**Exercise description**: Copy nothing but the lines from the one containing "wandlampe wandleuchte wand" through the last line of the records, repeated exactly and without pictures.

**Records excerpted from a collection**:
____________
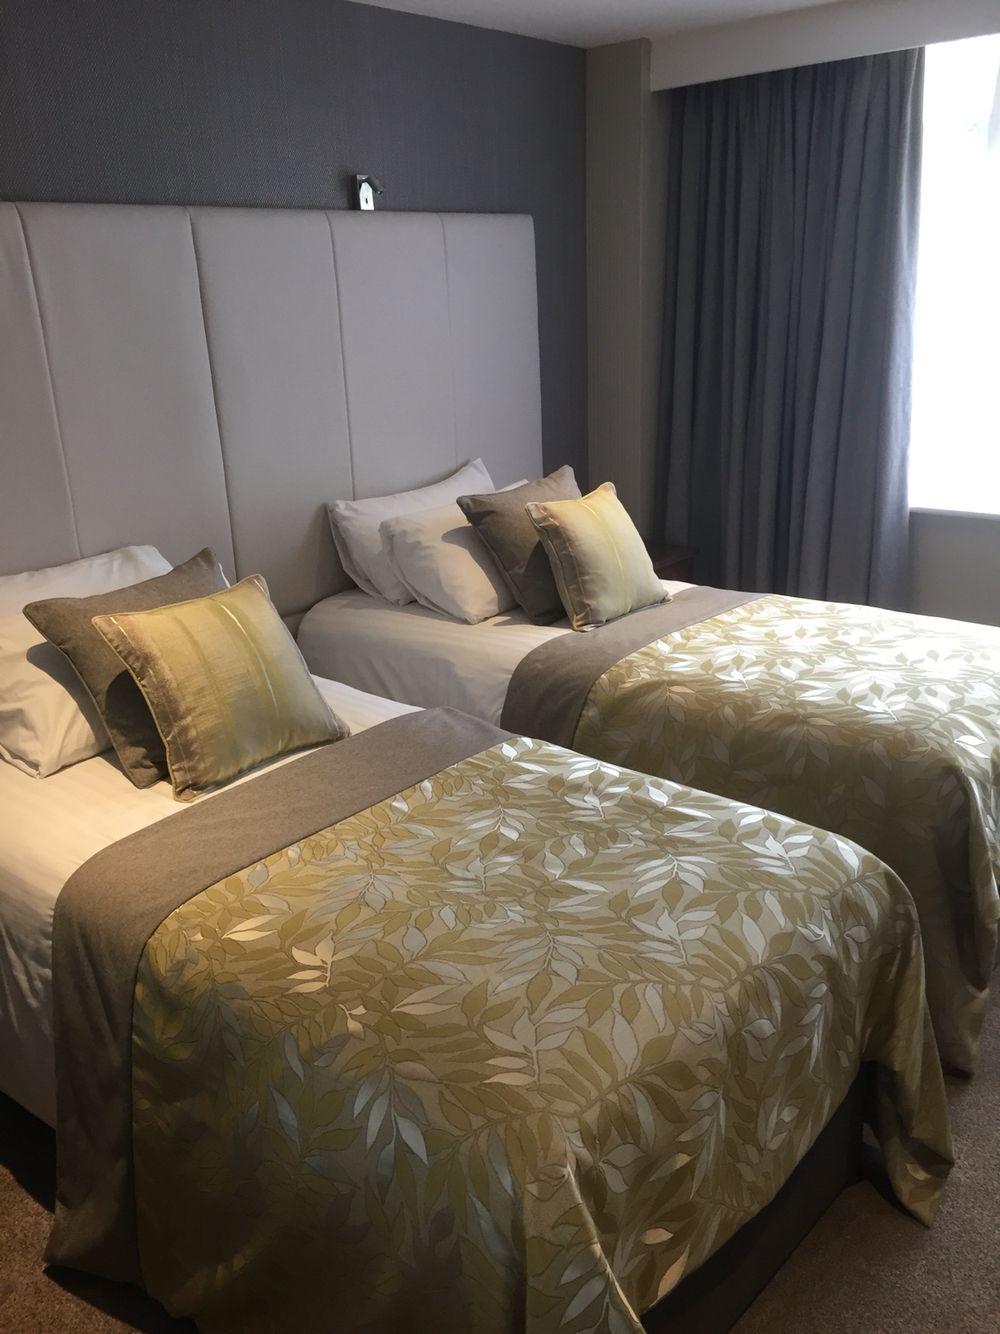 carol browne designs four seasons hotel monaghan new room refurb
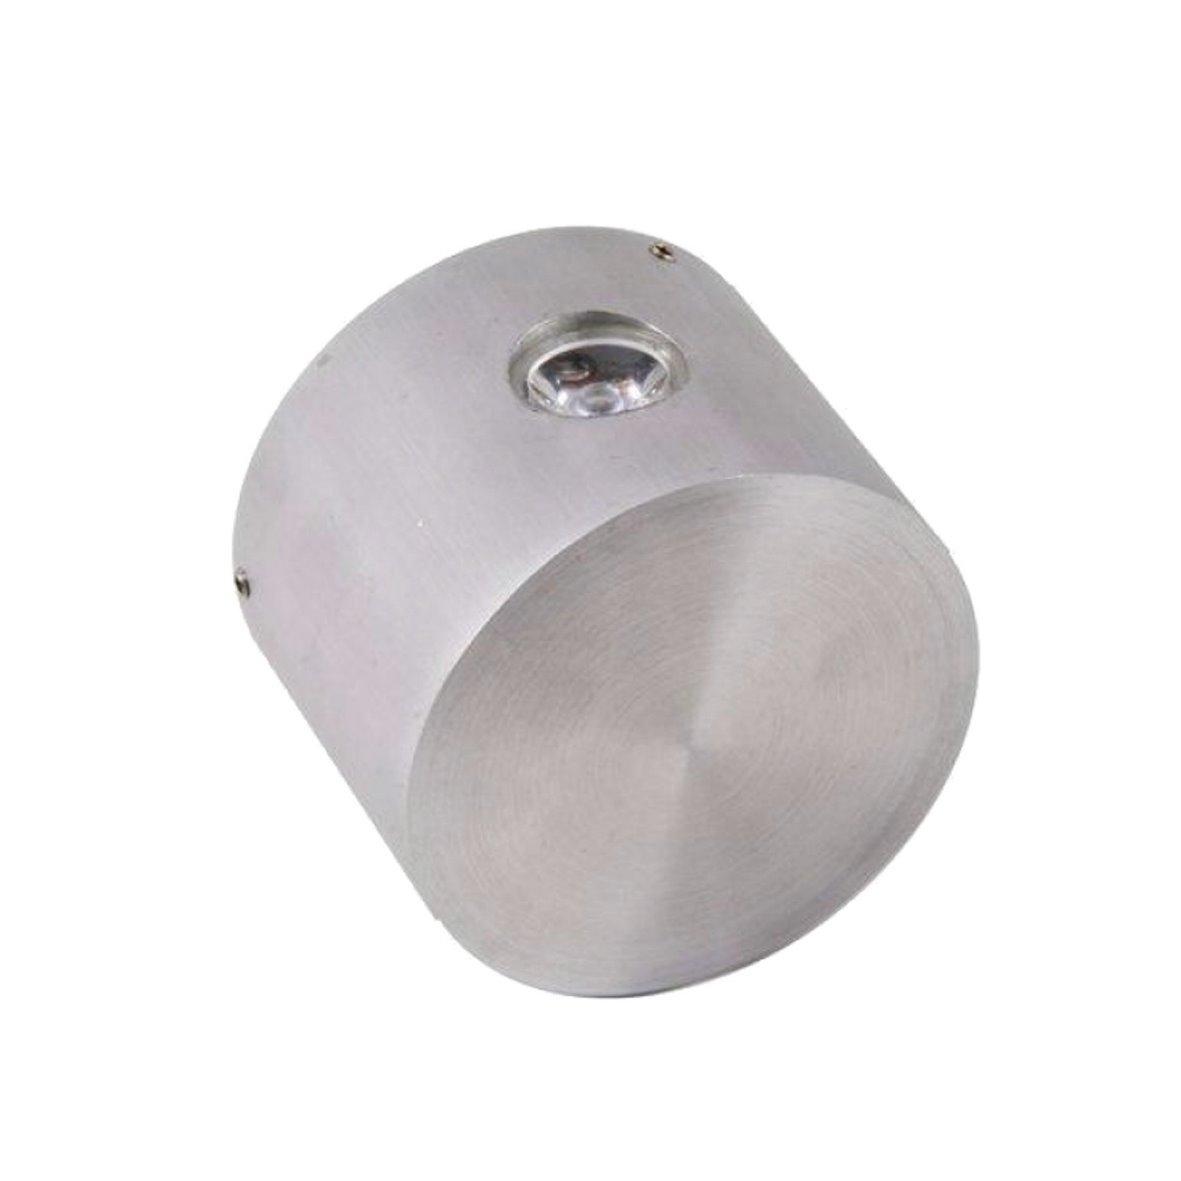 wandlampe wandleuchte wand lampe leuchte spot strahler innen wandstrahler aussen ebay. Black Bedroom Furniture Sets. Home Design Ideas
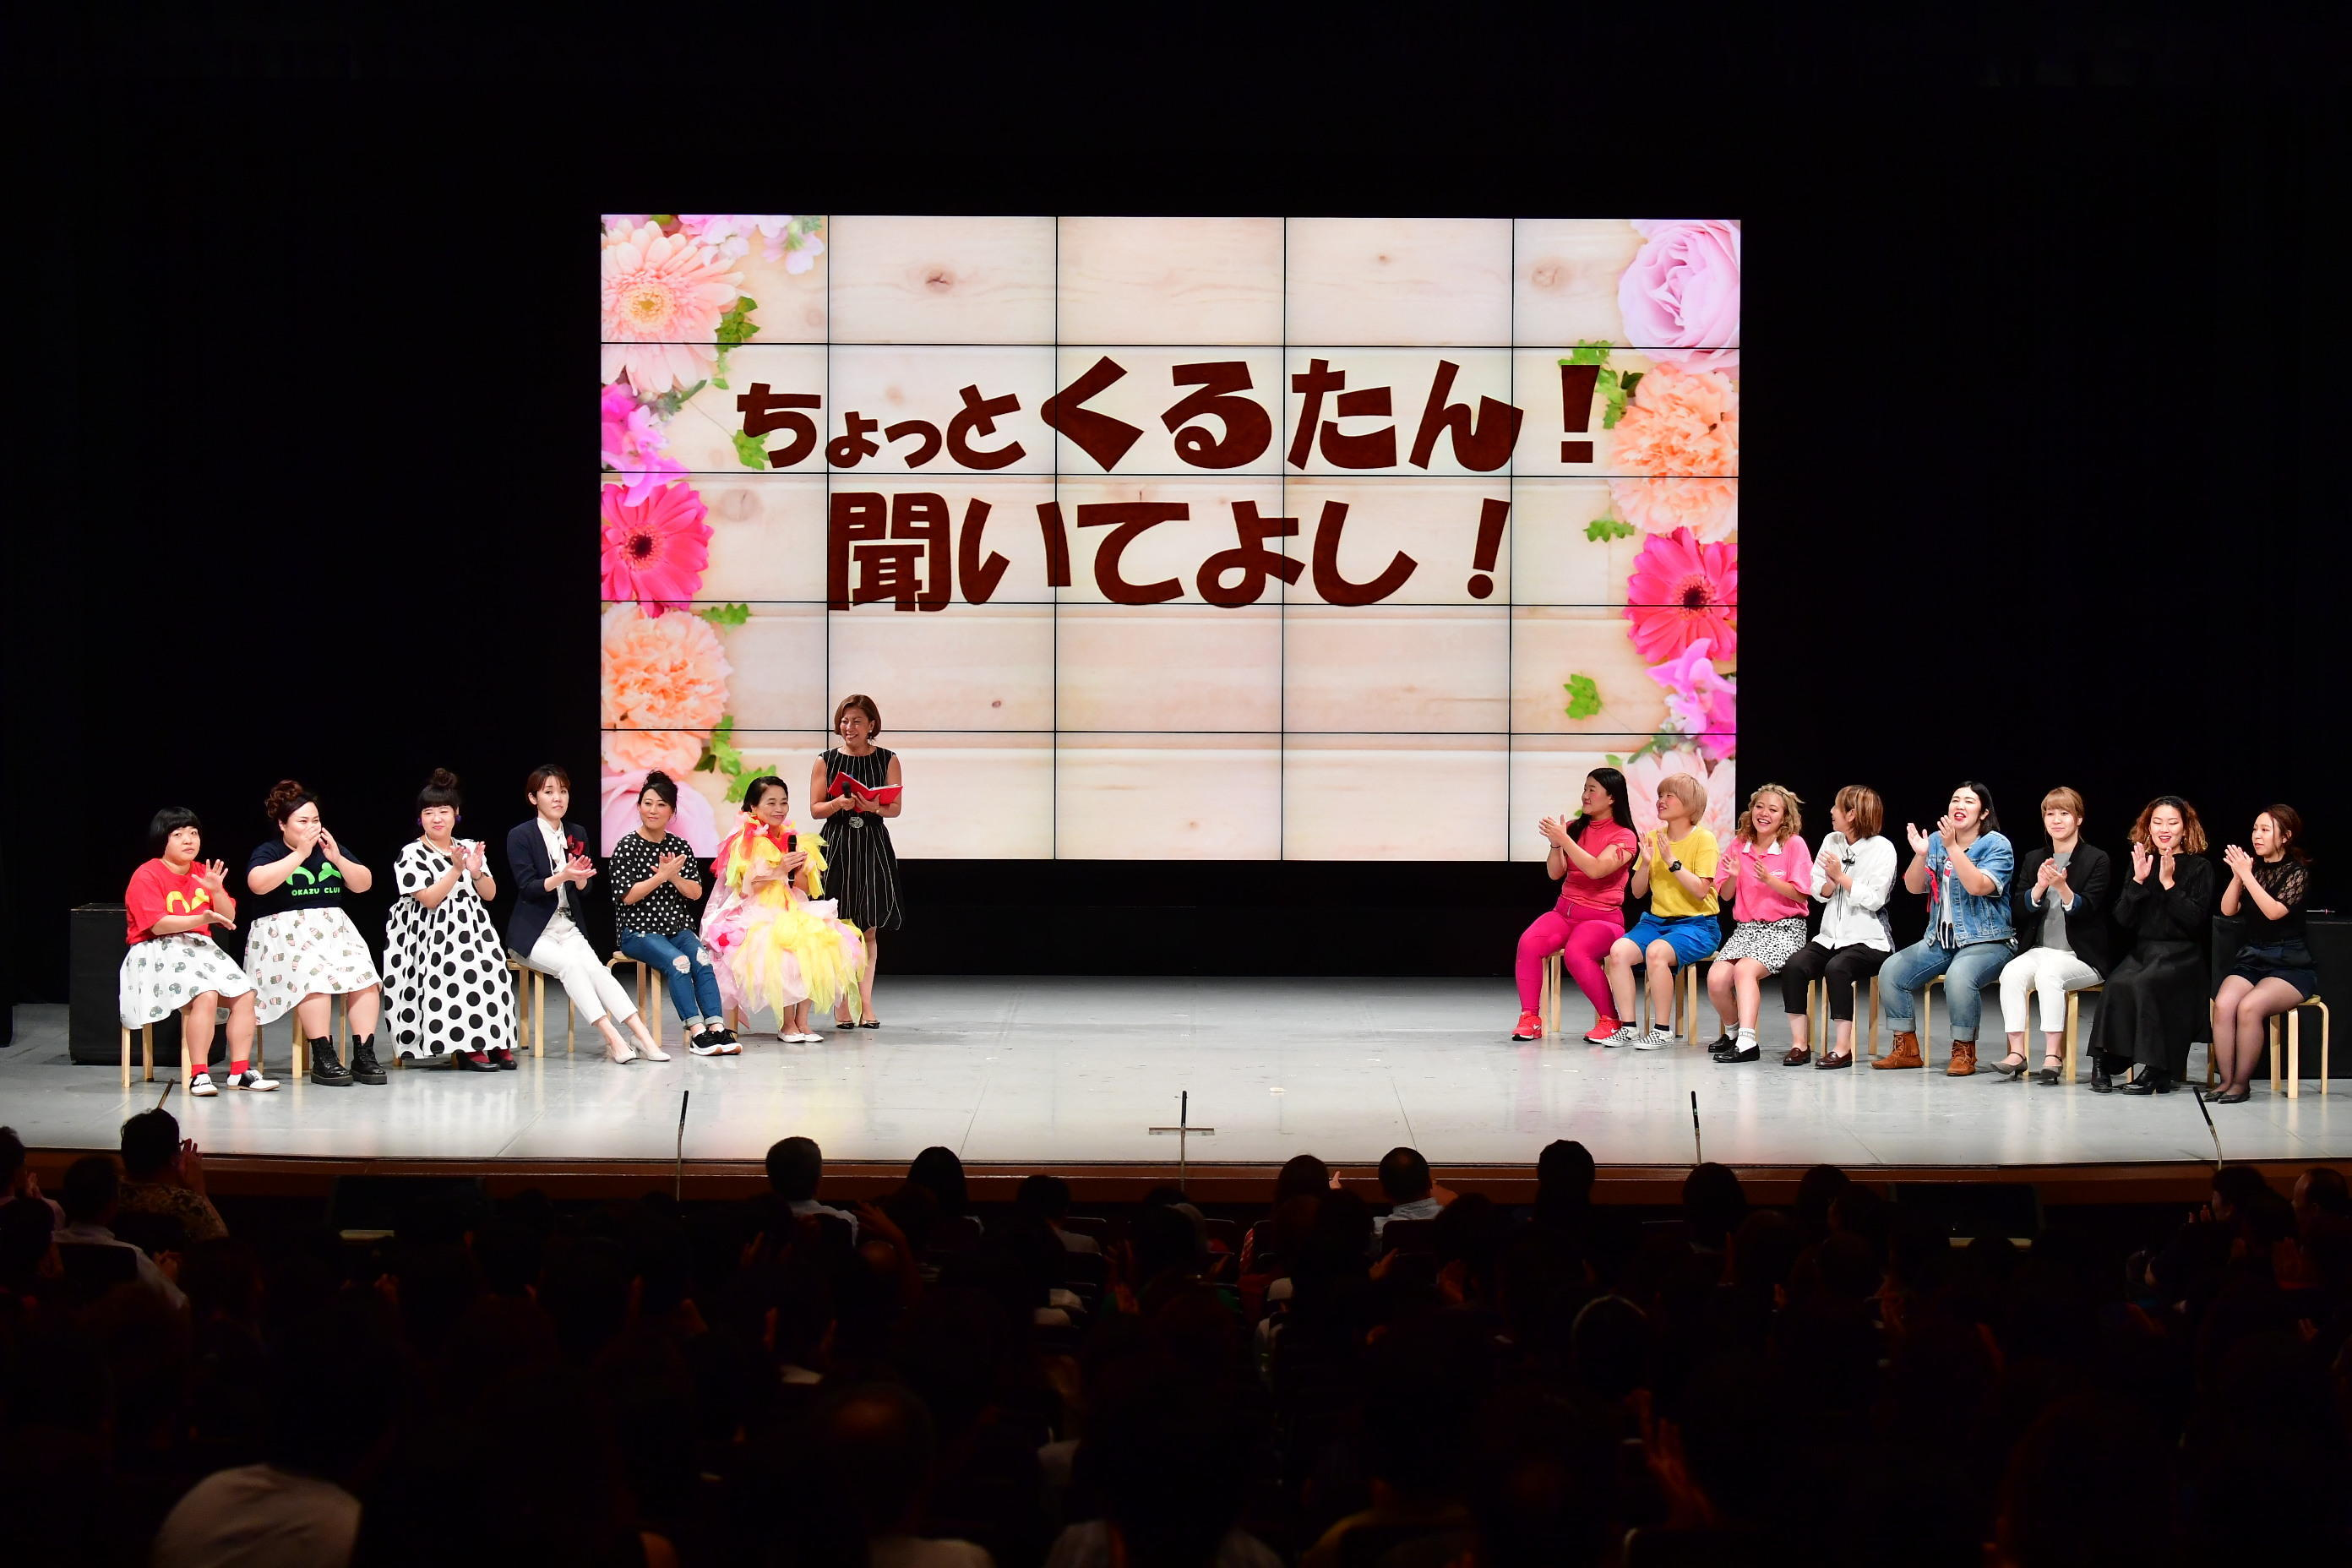 http://news.yoshimoto.co.jp/20180831235036-cf26b140cc0d31d1a37457a936fef8dbe5d8aba9.jpg
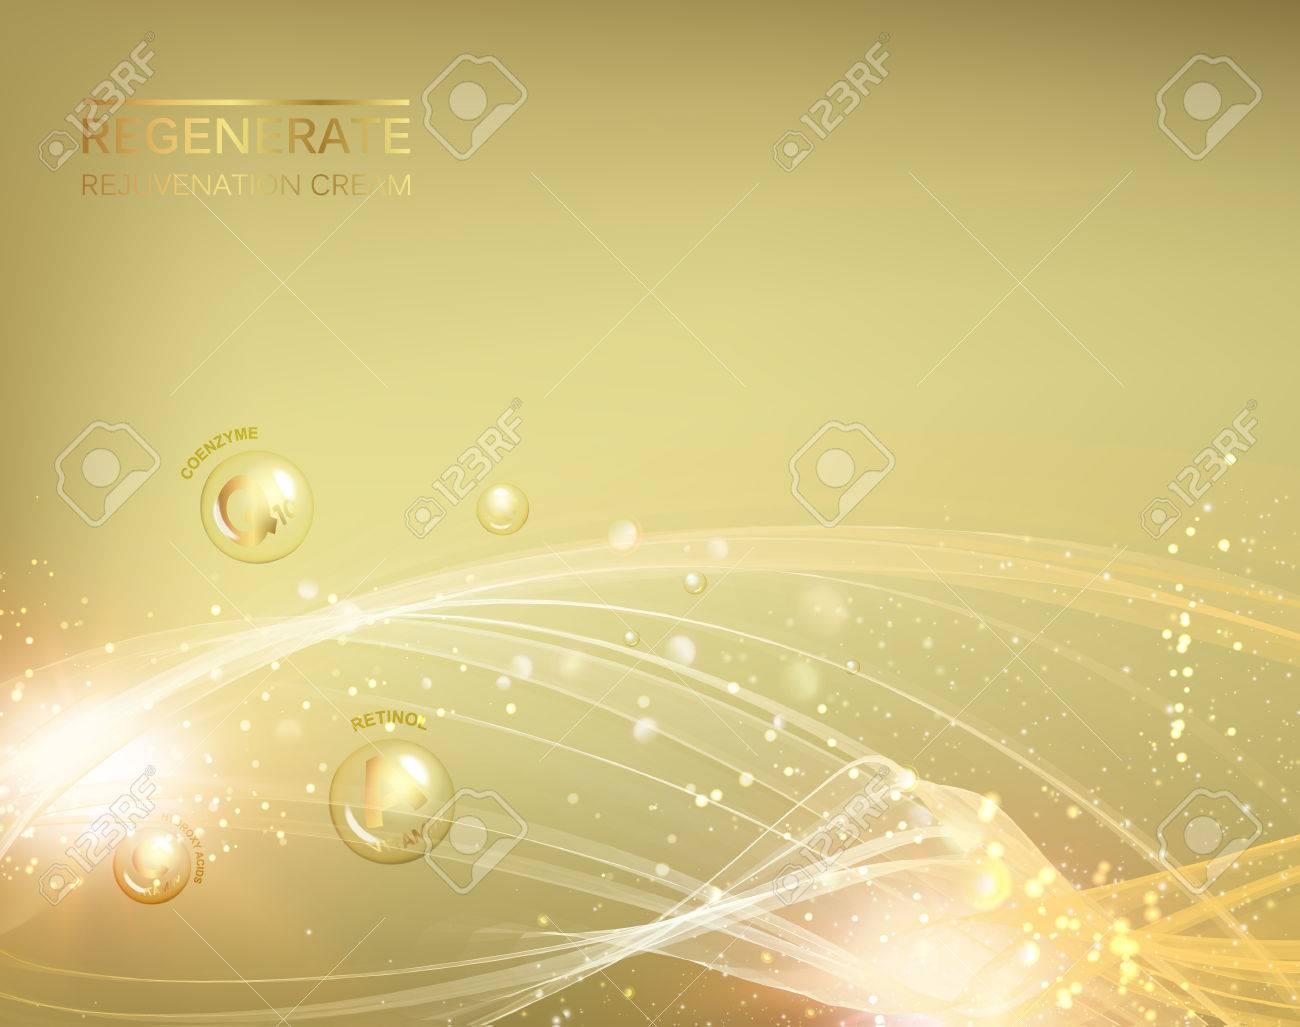 Science illustration of a cream molecule. Regenerate face cream and Vitamin complex concept. Organic cosmetic and skin care cream. Beauty skin care design over golden background. Vector illustration. - 64465230
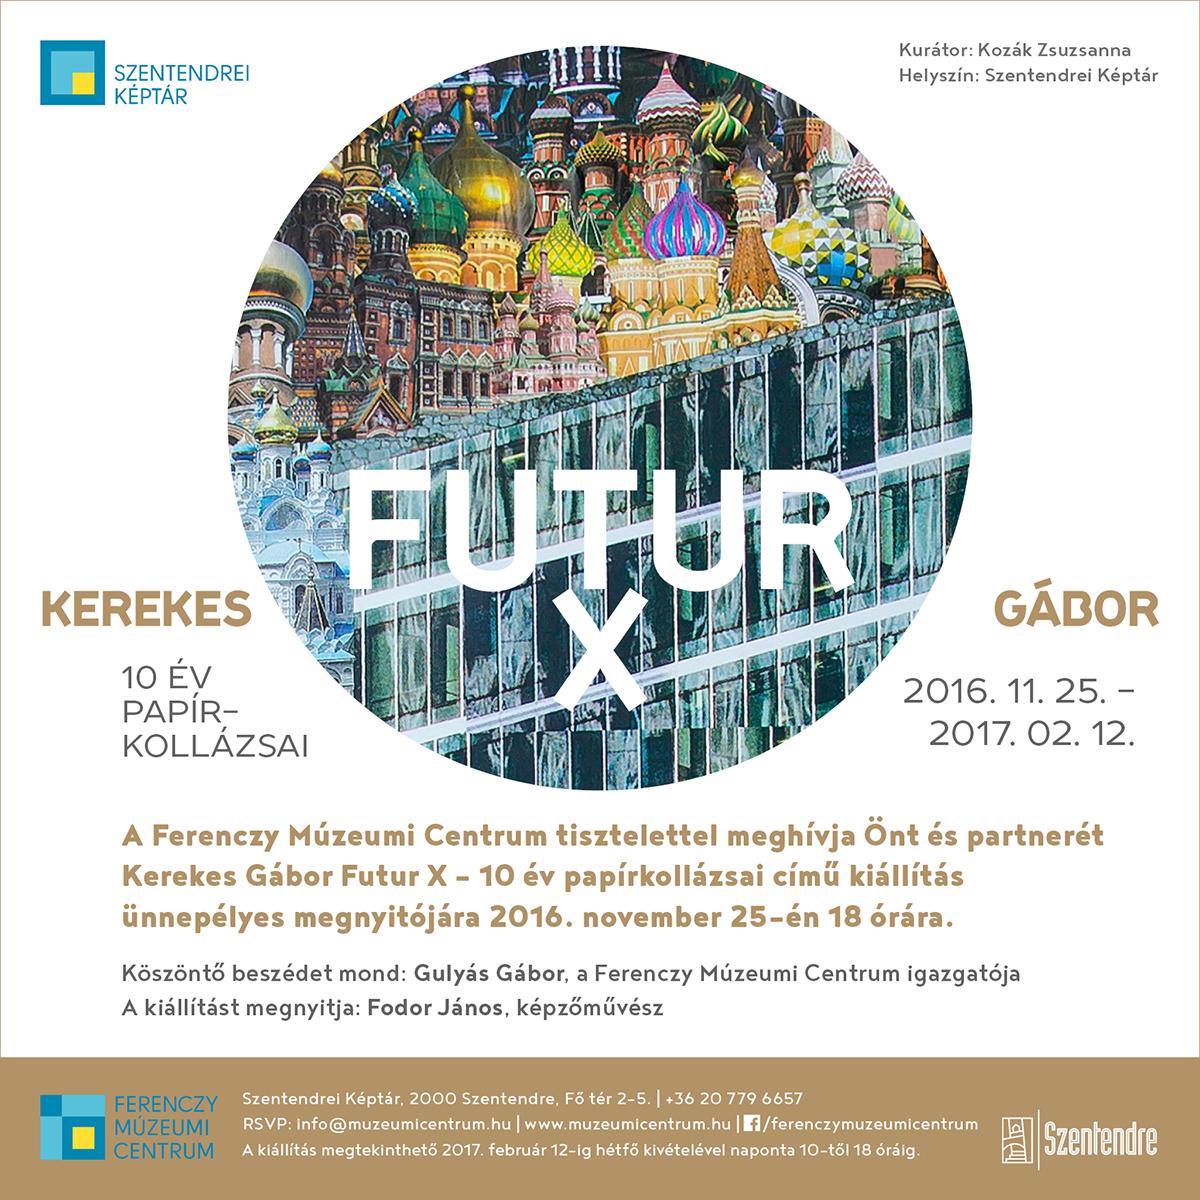 Kerekes_Gabor_FUTUR_X_meghivo
____________
**Exercise solution**:
 wandlampe wandleuchte wand lampe leuchte spot strahler innen wandstrahler aussen ebay. Black Bedroom Furniture Sets. Home Design Ideas
 http://news.yoshimoto.co.jp/20180831235036-cf26b140cc0d31d1a37457a936fef8dbe5d8aba9.jpg
 Science illustration of a cream molecule. Regenerate face cream and Vitamin complex concept. Organic cosmetic and skin care cream. Beauty skin care design over golden background. Vector illustration. - 64465230
 Kerekes_Gabor_FUTUR_X_meghivo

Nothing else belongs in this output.